The 9M337 Sosna-R (Pine) (SA-X-25) is a Russian radar and laser-guided supersonic (Mach 2.6) two-stage missile. It is used in Sosna-R short range air defense missile system designed to protect military units from air attacks in all types of combat situations, including during march.

In 2017, official tests of the newest air defense missile system Bagulnik (domestic variant which is currently named Strela-10ML) were successfully completed.

==Description==
It was developed by KB Tochmash as a successor to 9K35 Strela-10, and is a cheaper alternative to the Tor missile system and Pantsir-S1. Designed to work in passive mode with the help of different imaging systems (thermal camera, TV camera) and a laser rangefinder in order to find and engage a target, Sosna-R is able to operate effectively under the control of various types of old, modern and prospective battery command posts, the most preferable of which is the FPU "Assembly-M1-2" (9S80M1-2) and is resistant to jamming. It uses a tracked SAM launcher with 12 missiles of 10 km range and altitude of 5 km, based on the MT-LB vehicle. Those 12 missiles can be reloaded in 12 minutes. The serial production version is based on the BMP-3 IFV. The Sosna can also deliver fire while on the move. The system has a crew of two: the driver and gunner.

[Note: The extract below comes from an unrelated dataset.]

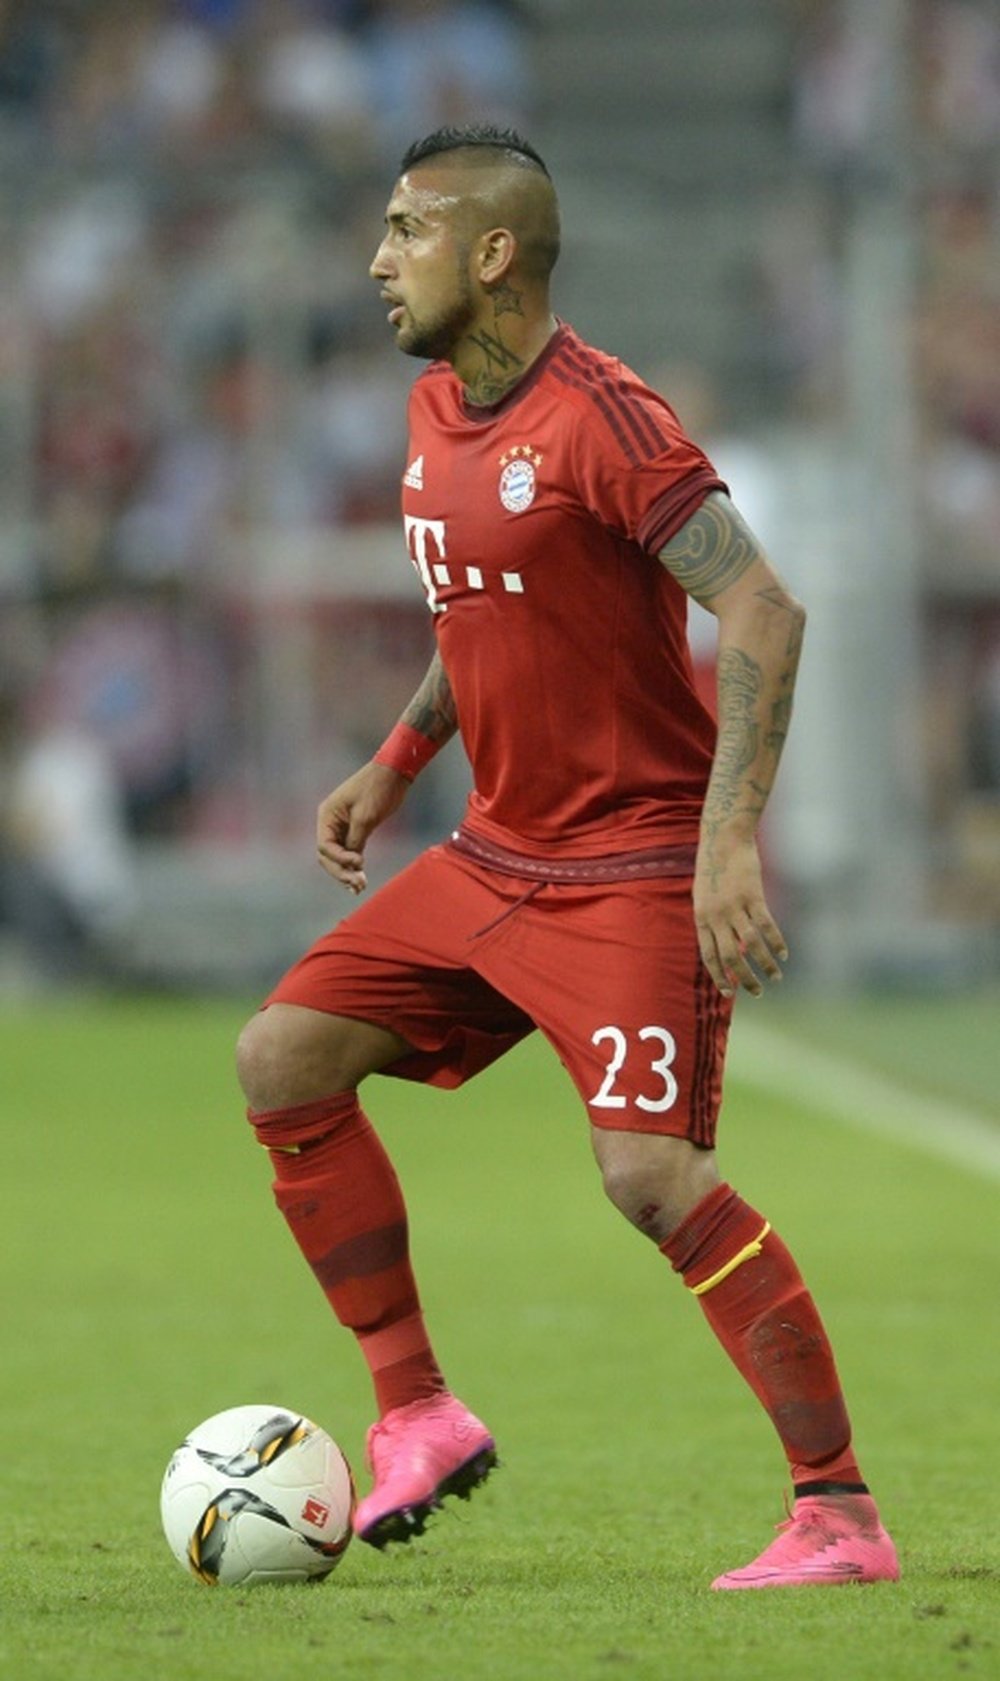 Chilean midfielder Arturo Vidal is a new signing for Bayern Munich

The system is armed with 12 9M340 missiles that are held in their transport-launch containers and arranged in two banks of six. Sosna-R beam rider 38 kg missiles are two-stage, capable of destroying aircraft, helicopters, cruise missiles, aerial bombs, small-sized air attack weapons including elements of high-precision weapons and light armored vehicles. The missile can change direction mid-flight. It also has a combined impact/proximity laser fuze. Its payload is made up of two warheads weighing a total of 7 kg. The fragmented-rod warhead is designed for proximity detonation when flying close to the target, while the armor-piercing/fragmentation (AP-Frag) warhead goes off on impact. The system has high resistance to jamming and besides its passive mode of operation it can be equipped with an additional small-size acquisition radar.

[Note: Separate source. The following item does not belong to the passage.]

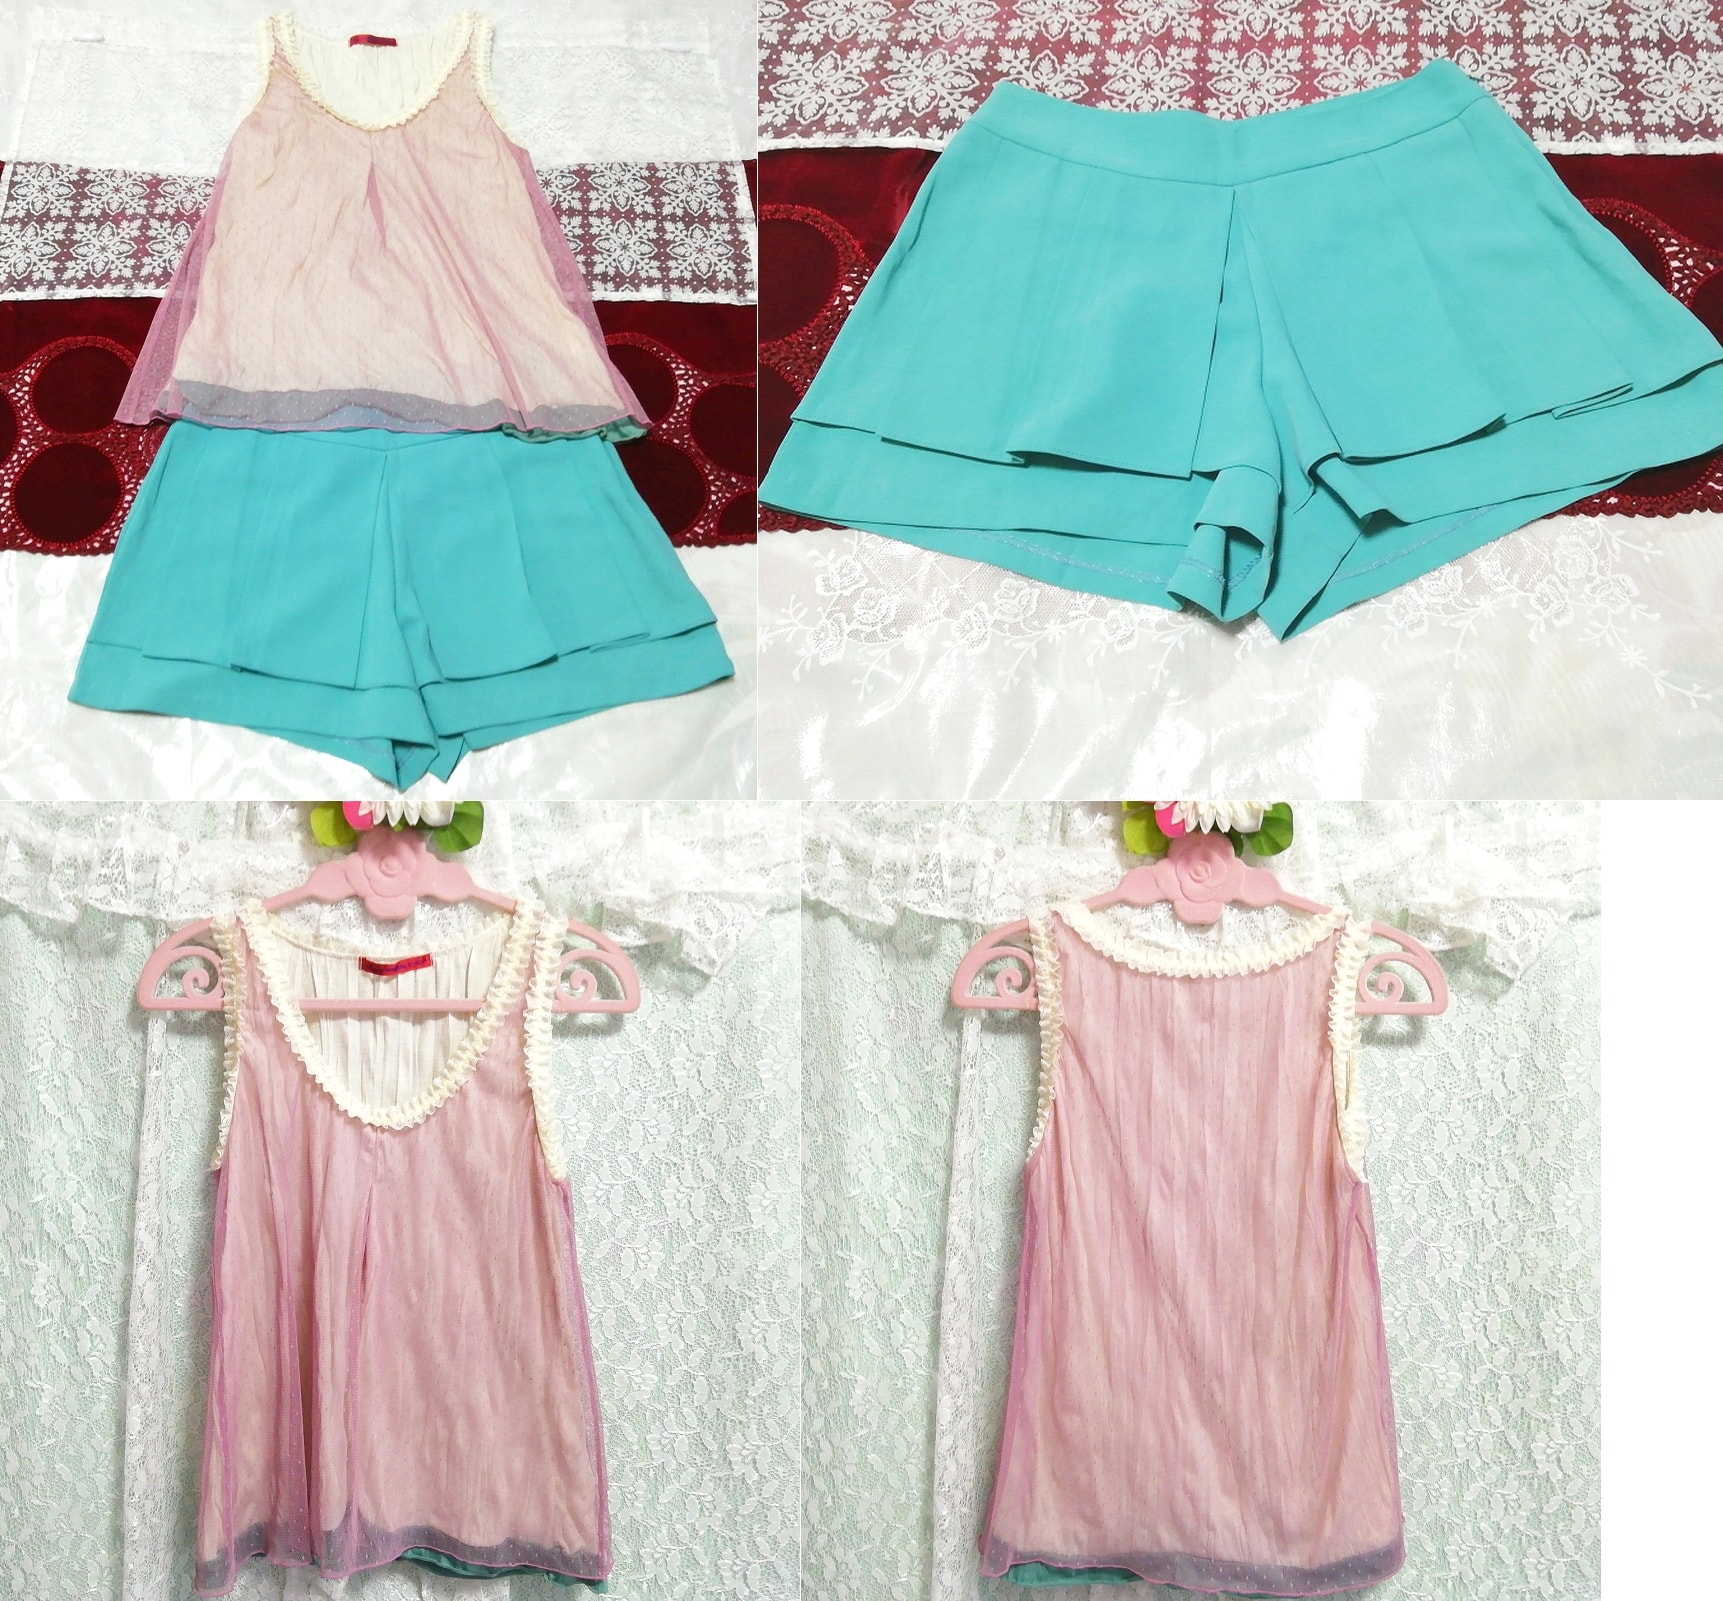 Rosa ärmellose Tunika mit Rüschen, Negligé-Nachthemd, grüne Shorts, 2 Stück, Mode, Frauenmode, Nachtwäsche, Pyjama

The Palma anti-aircraft artillery system features integrated armament that comprises eight Sosna-R precision surface-to-air missiles with laser beam guidance and two AO-18KDE rapid-fire guns. As a defense component, the Palma is designated to defend both ships and naval bases, coastal infrastructure and aerodromes, and also other vital facilities.

==Range==
Within 8–10 (≤ 20) km.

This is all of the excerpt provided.